Start of The data

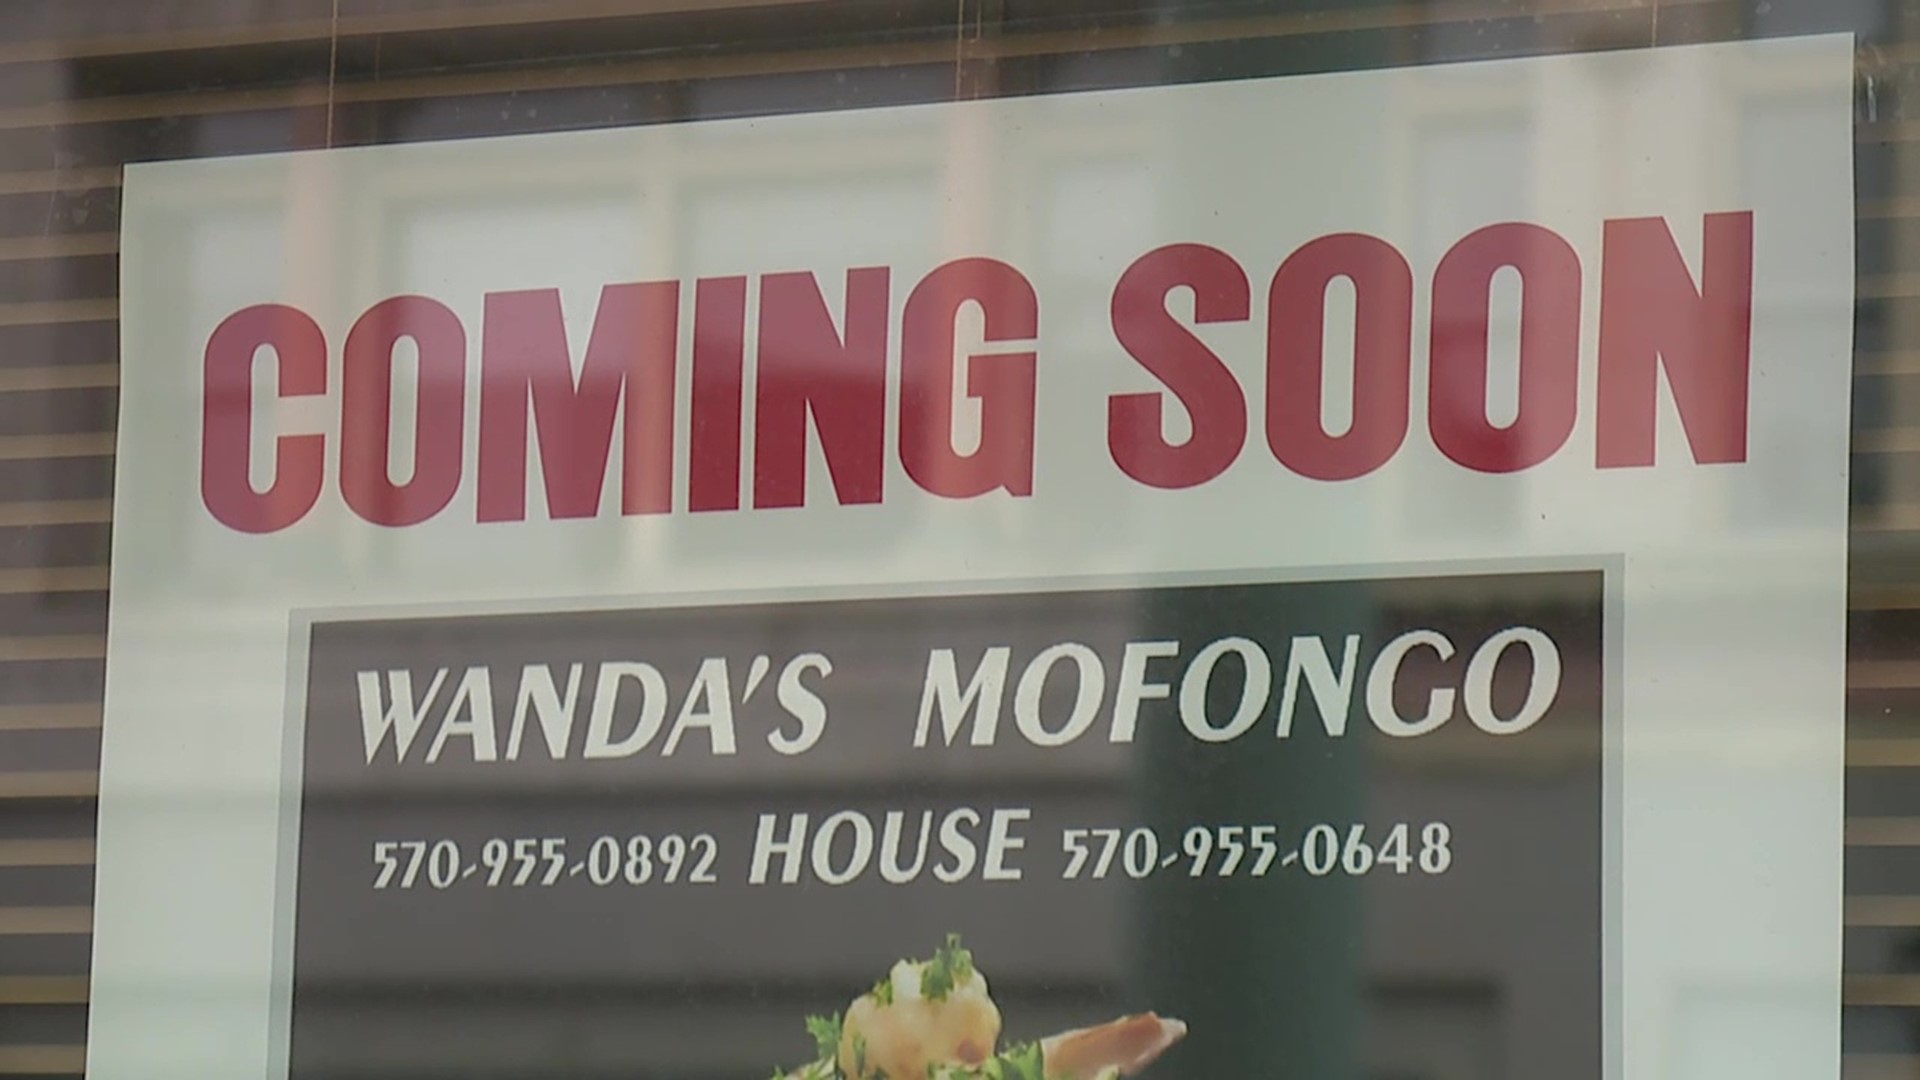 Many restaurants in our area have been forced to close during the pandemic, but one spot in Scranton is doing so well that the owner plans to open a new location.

End of The data
Start of The data

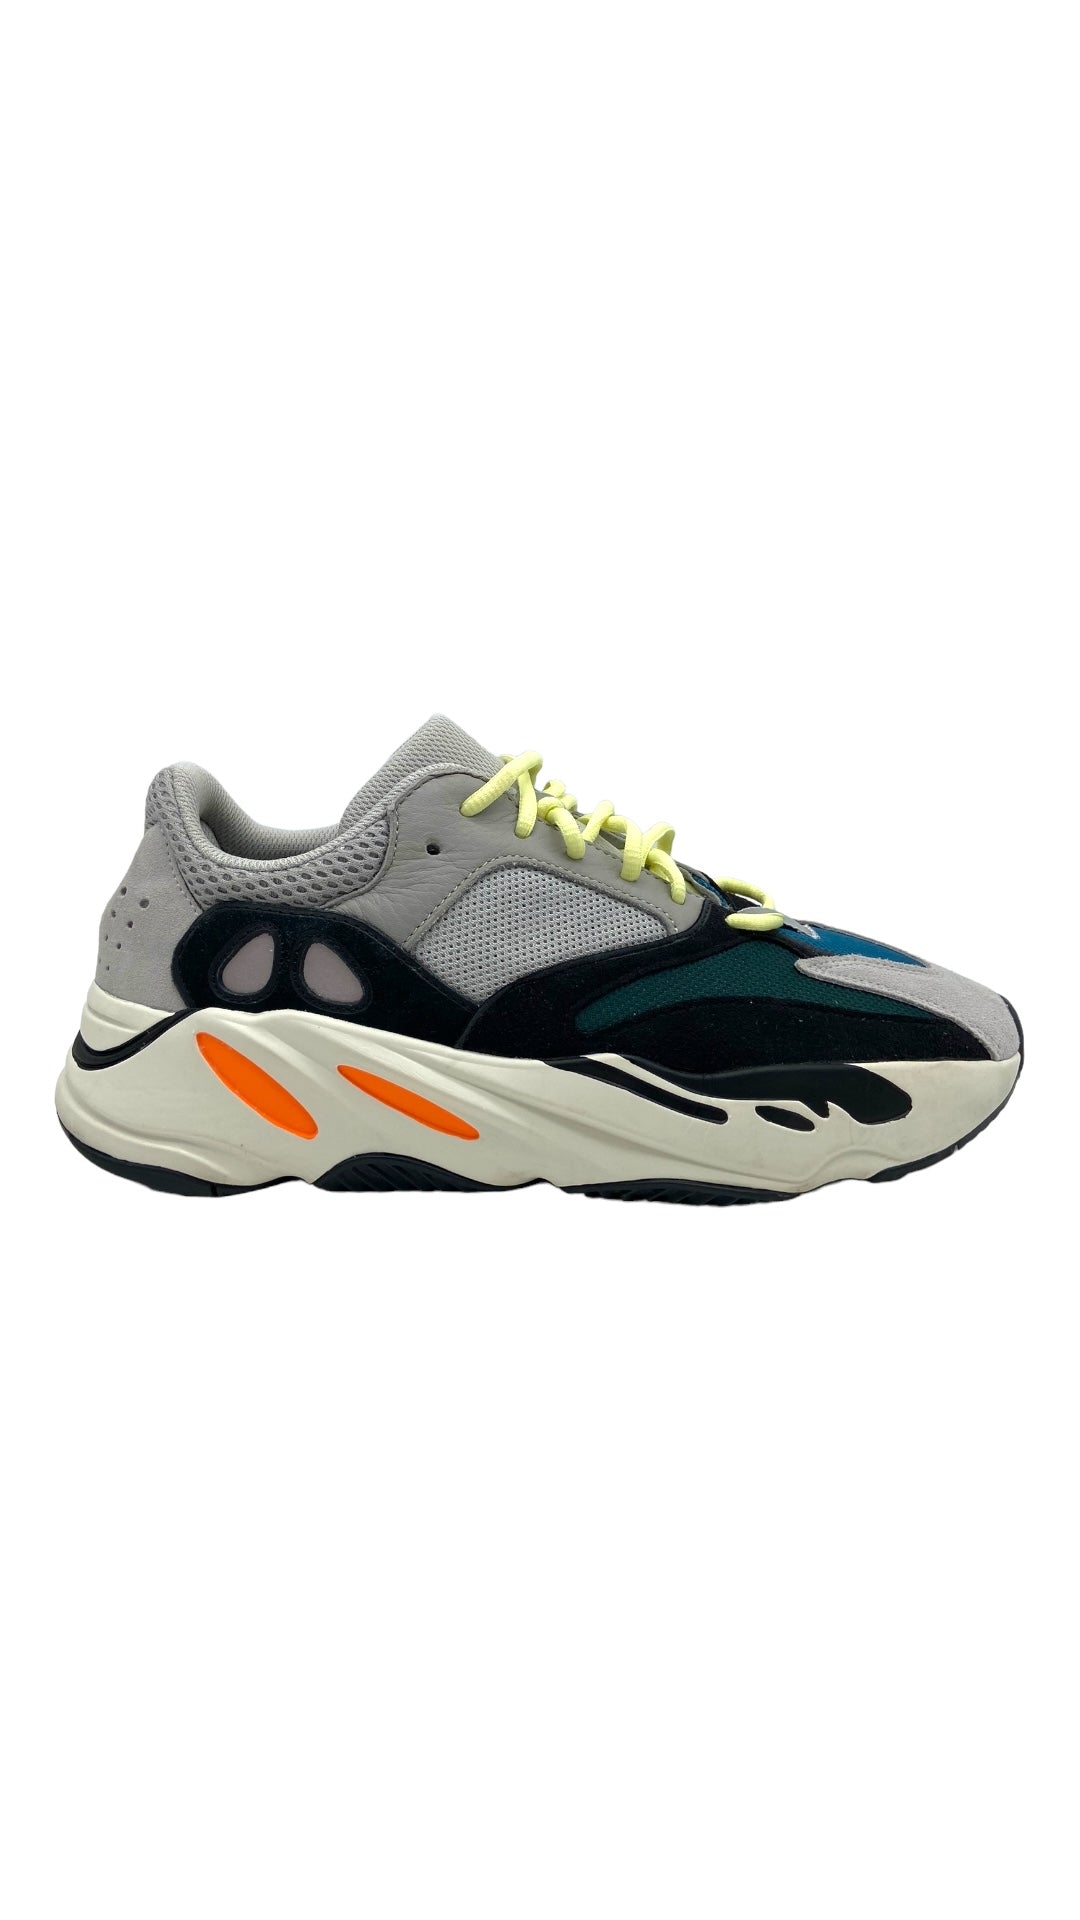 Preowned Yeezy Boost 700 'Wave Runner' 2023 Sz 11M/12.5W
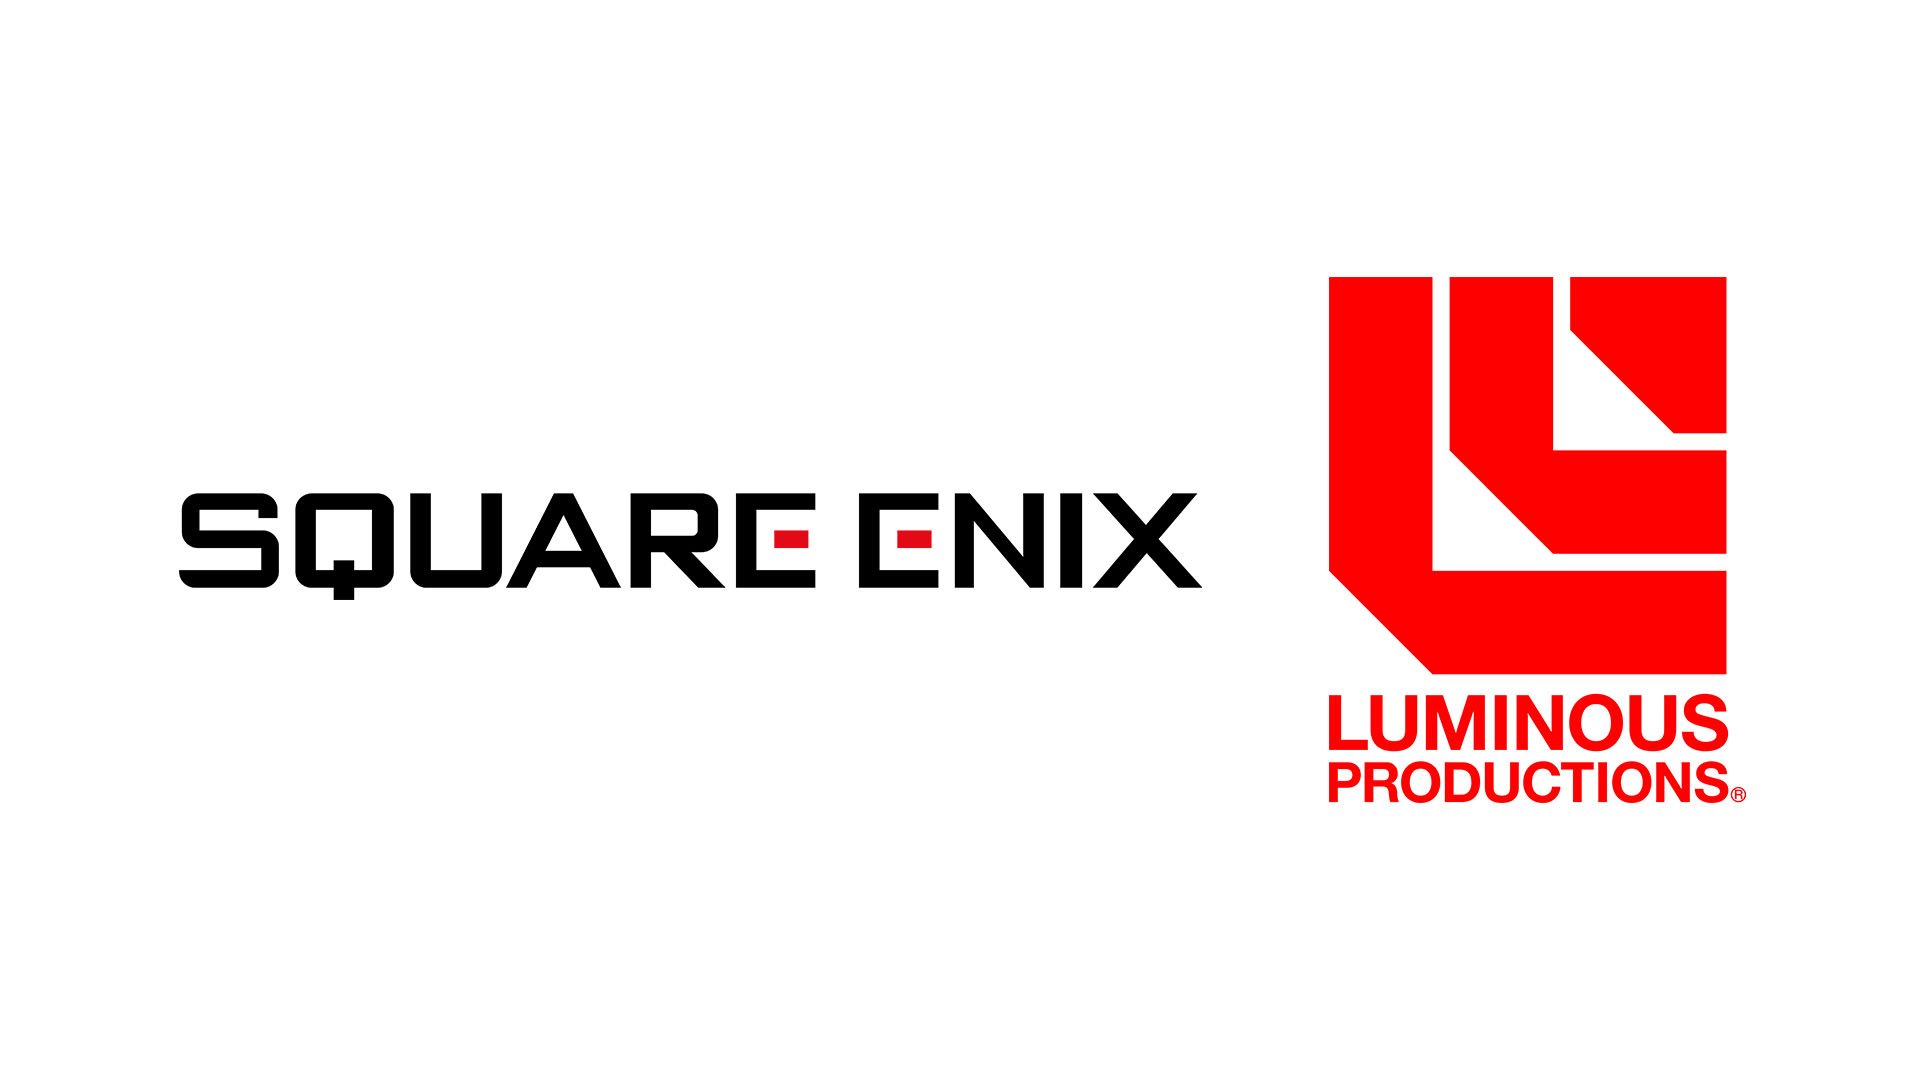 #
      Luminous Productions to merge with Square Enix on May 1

End of The data

Work to complete:
Pictures do not belong in the answer. Return the lines above starting at the one with "Preowned Yeezy Boost" and ending at the one with "Luminous Productions to", both kept, exactly.

Result:
 Preowned Yeezy Boost 700 'Wave Runner' 2023 Sz 11M/12.5W
 #
      Luminous Productions to merge with Square Enix on May 1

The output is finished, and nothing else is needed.